Recorded information:
=======
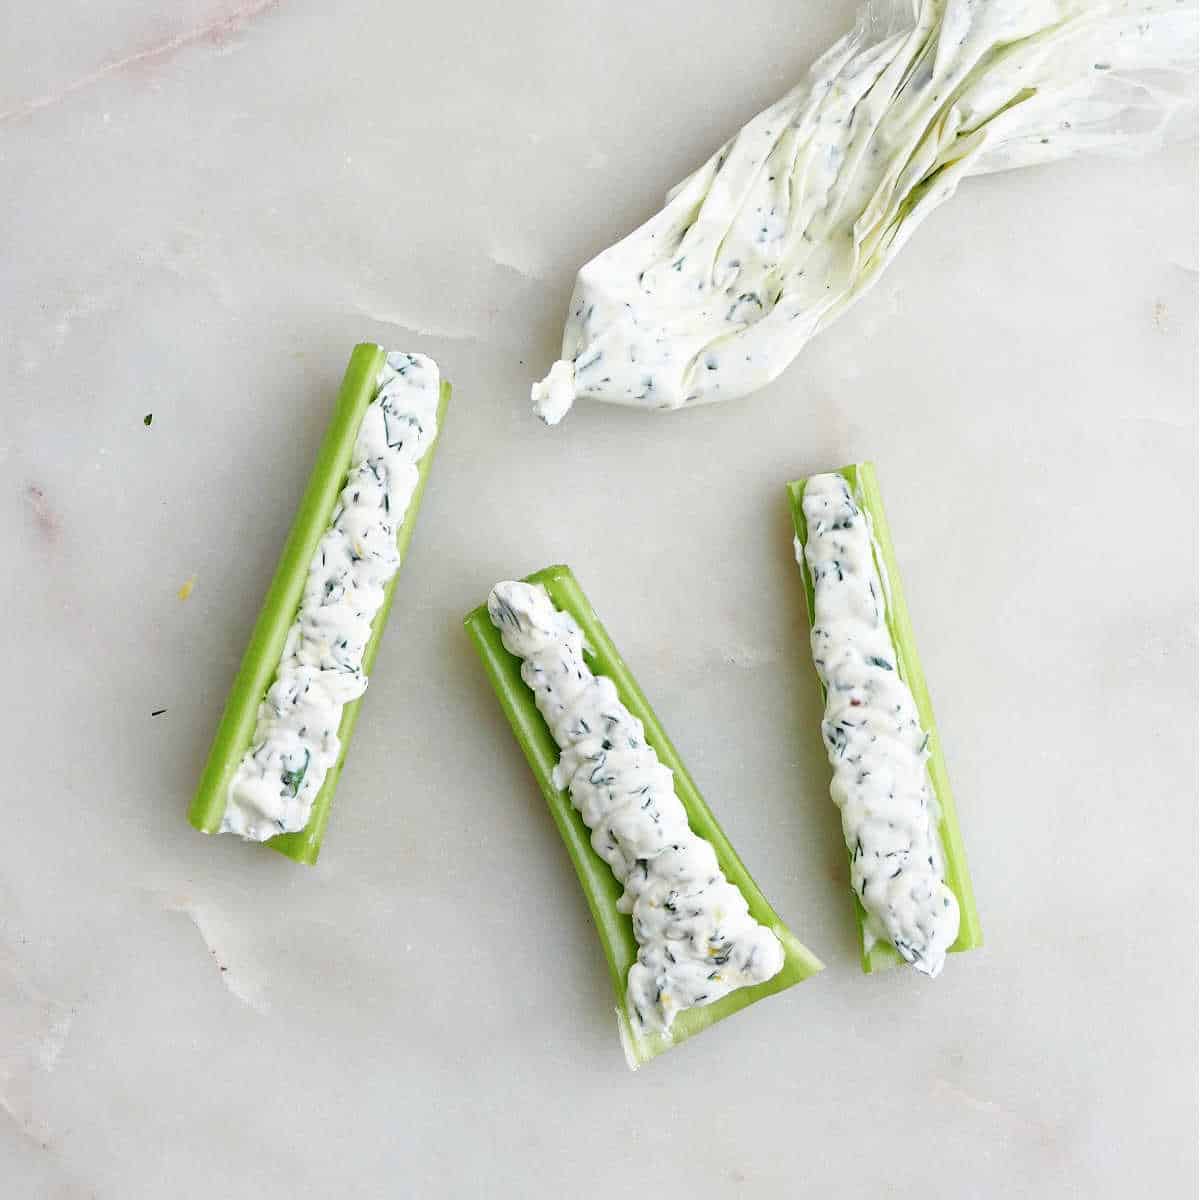 mascarpone cheese being piped into celery sticks on a counter
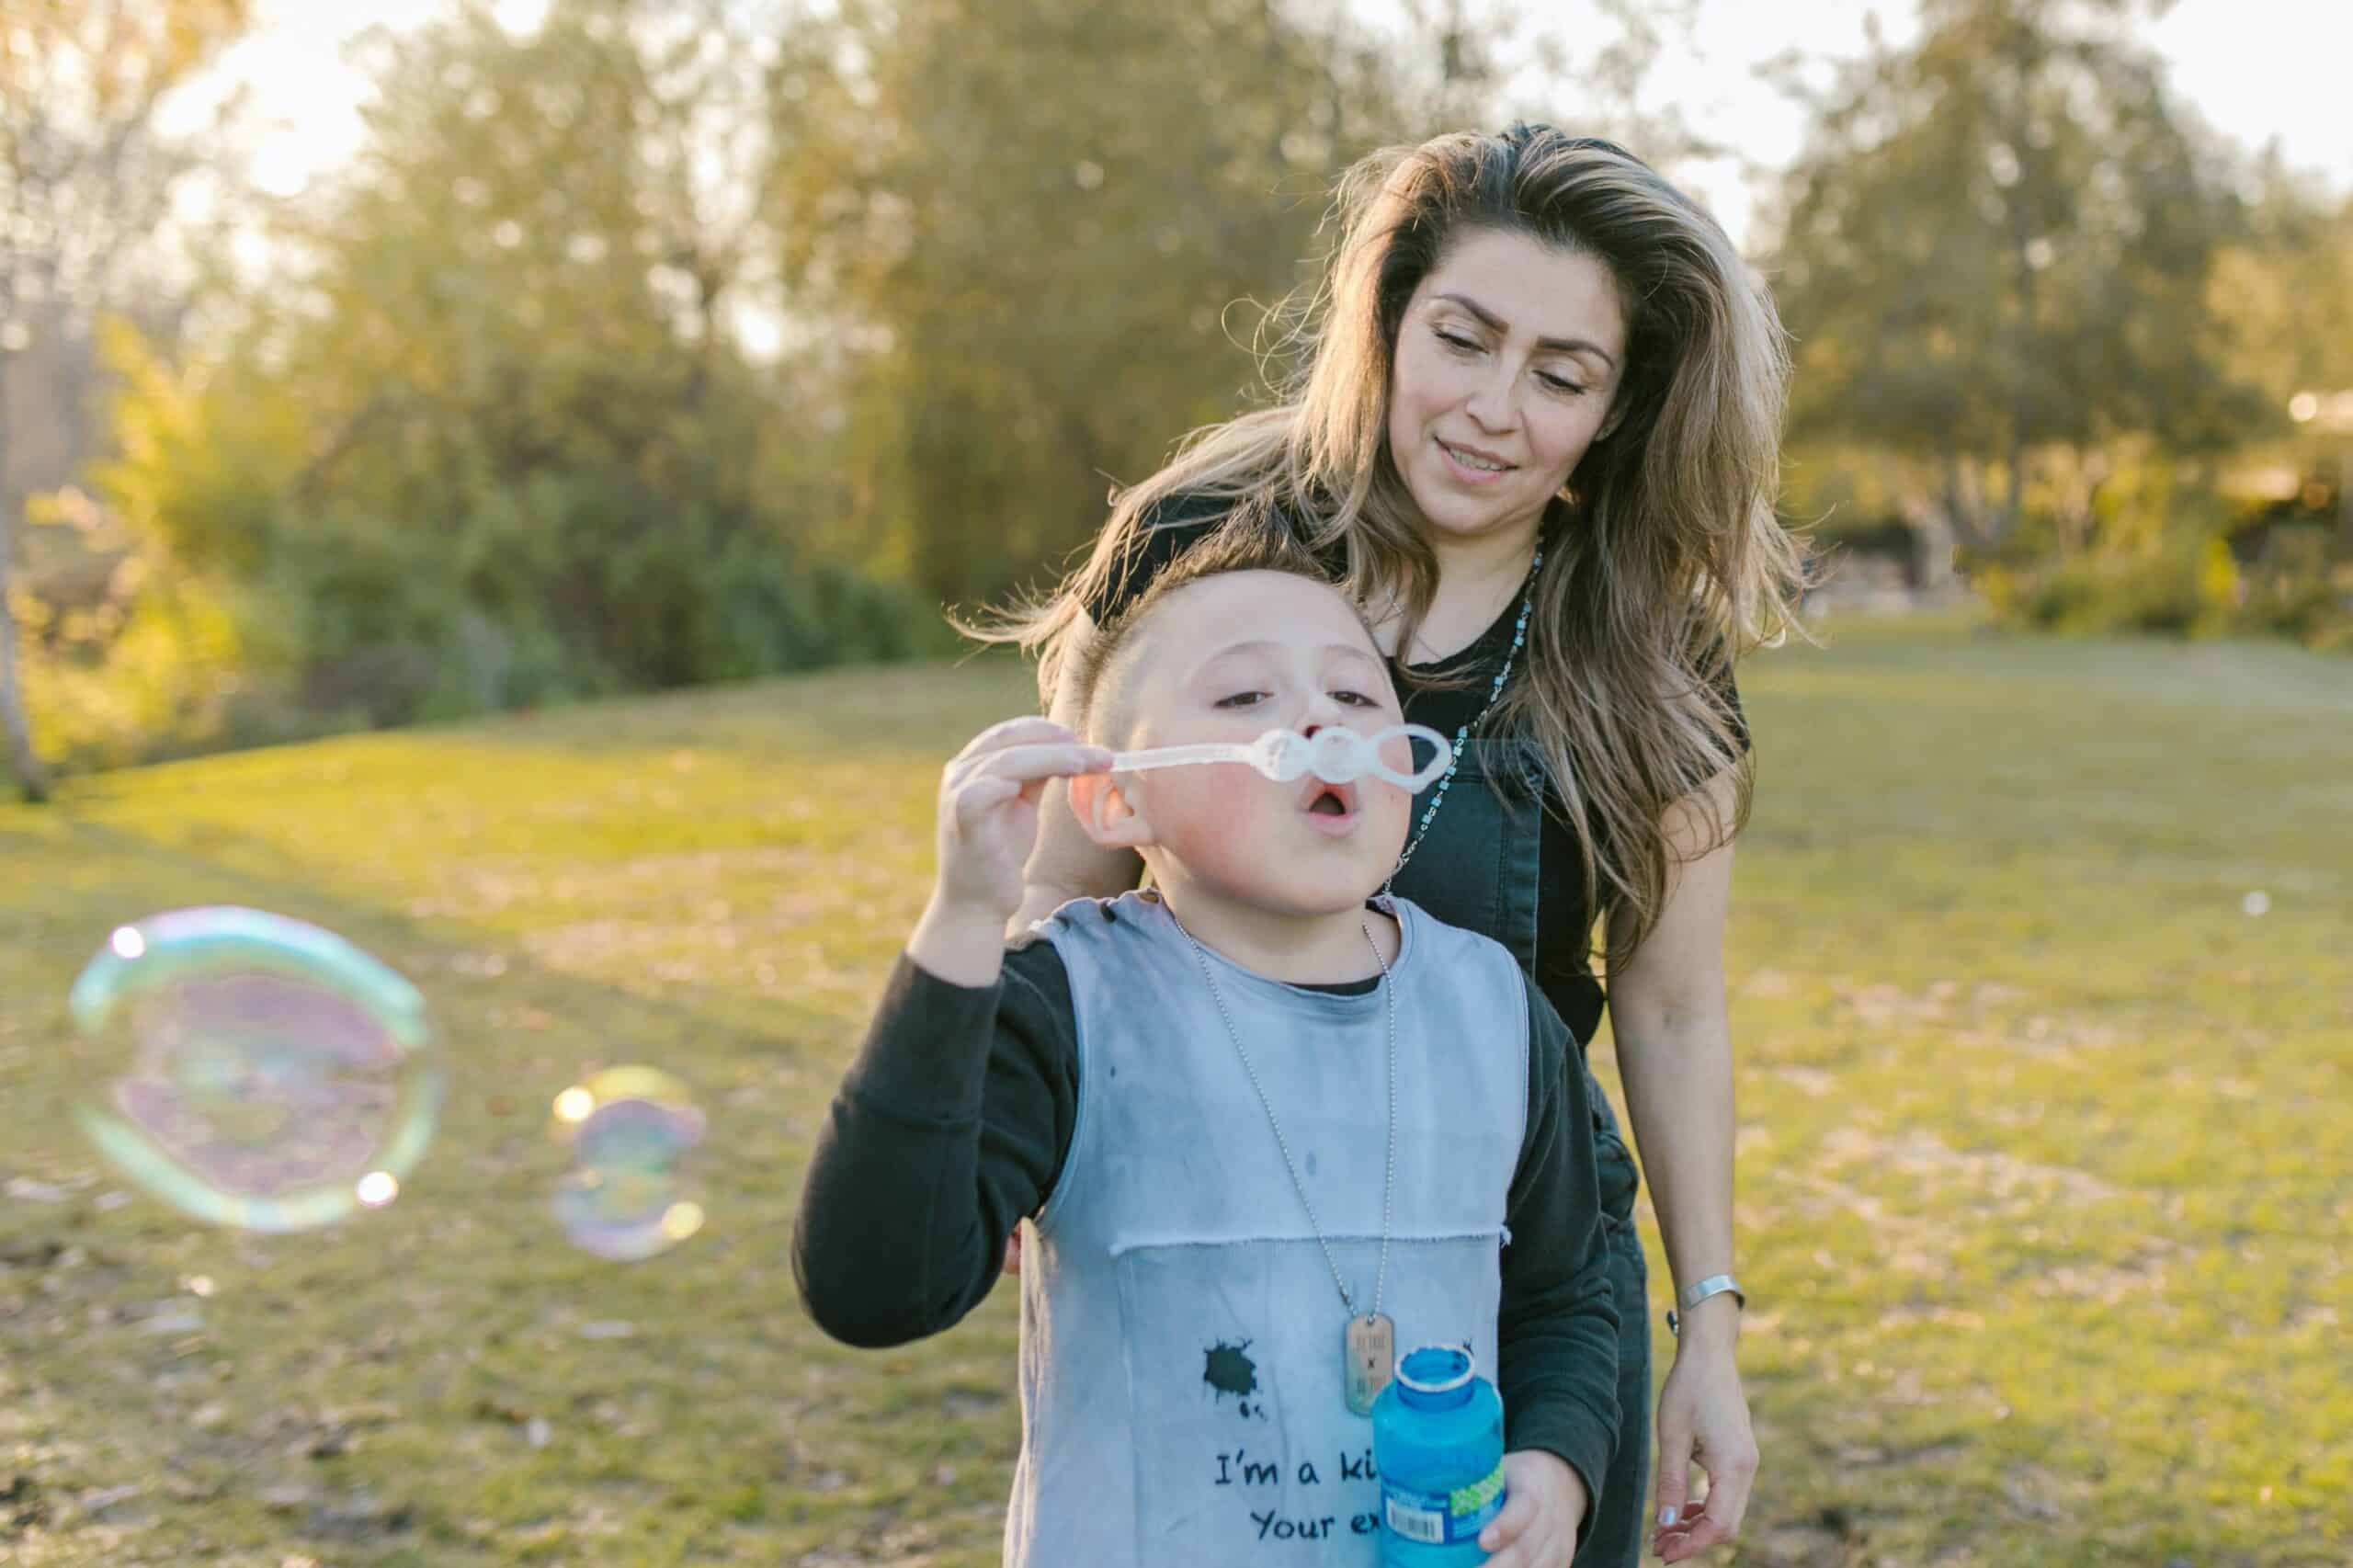 Cheerful nanny and a boy having a delightful time blowing bubbles in a park, showcasing the immediate availability and trustworthy care provided by Lifetime of Love Nannies
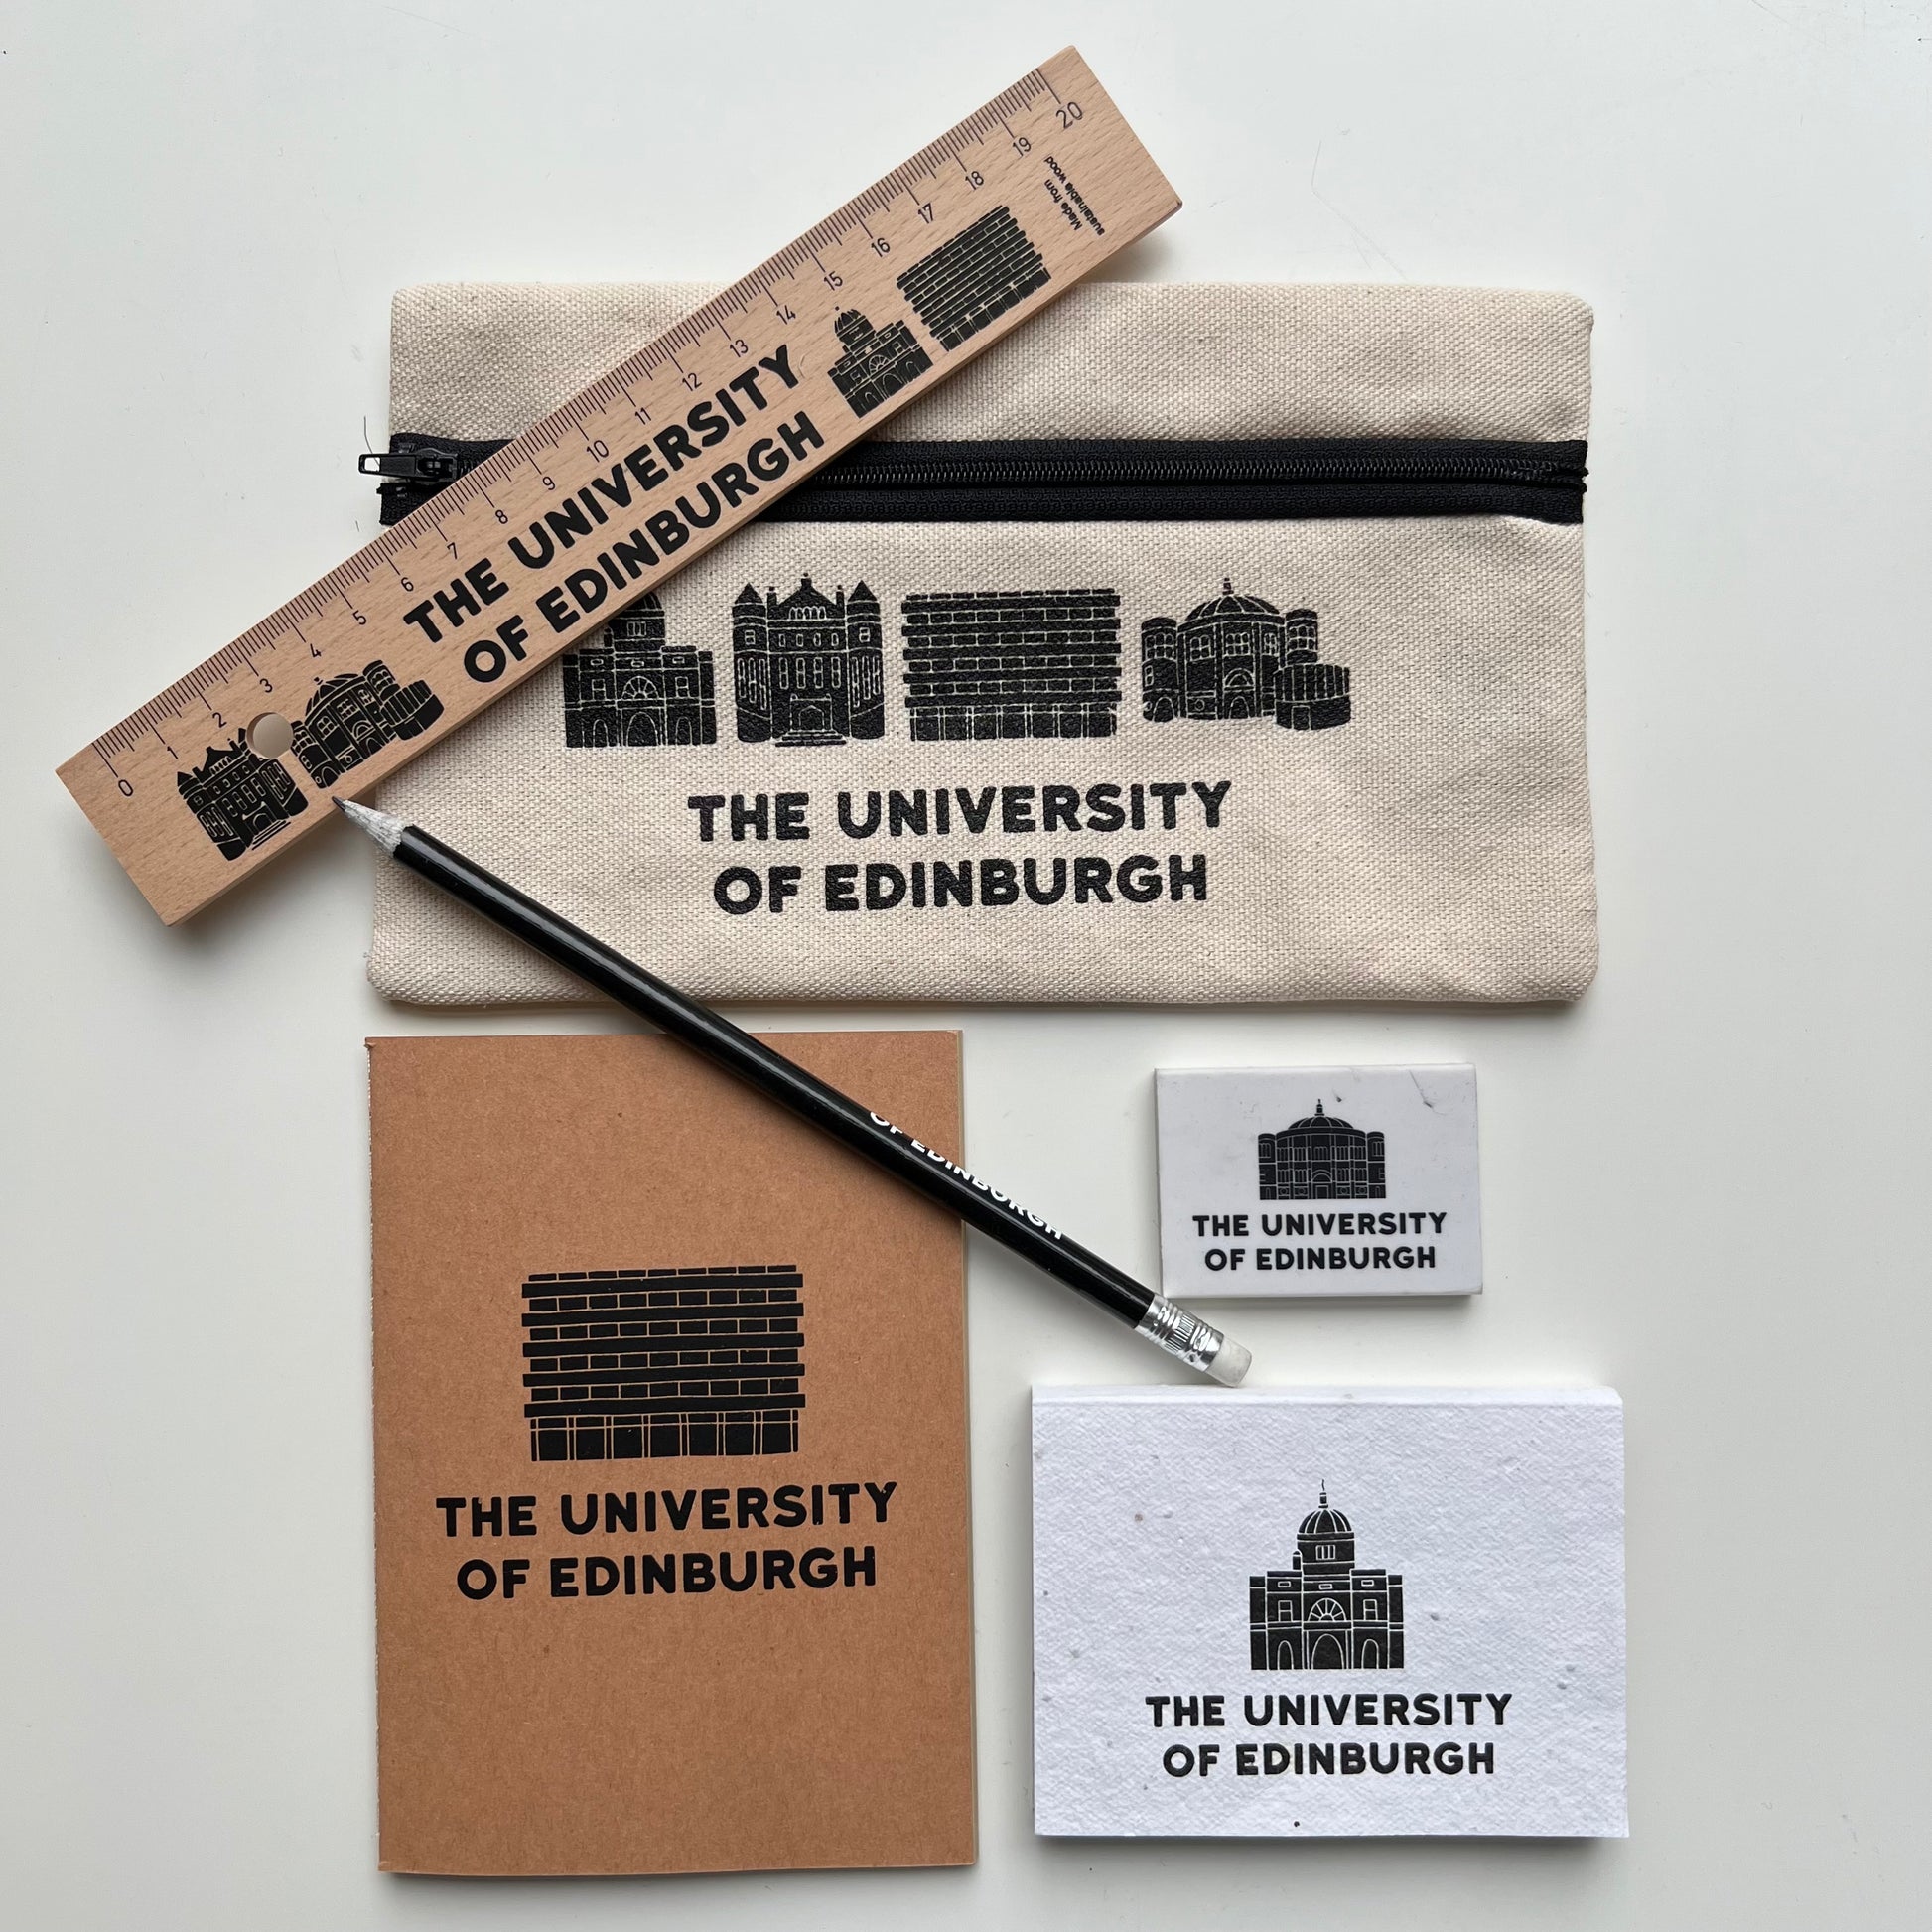 Our study range including our Wooden Ruler, Organic Cotton Pencil Case, Recycled Newspaper Pencil, McEwan Hall Eraser, A6 Recycled Notebook & Seeded Sticky Notes
=======
What you should do: Repeat each line of the material exactly, please, and skip every picture.

Reply:
 mascarpone cheese being piped into celery sticks on a counter
 Cheerful nanny and a boy having a delightful time blowing bubbles in a park, showcasing the immediate availability and trustworthy care provided by Lifetime of Love Nannies
 Our study range including our Wooden Ruler, Organic Cotton Pencil Case, Recycled Newspaper Pencil, McEwan Hall Eraser, A6 Recycled Notebook & Seeded Sticky Notes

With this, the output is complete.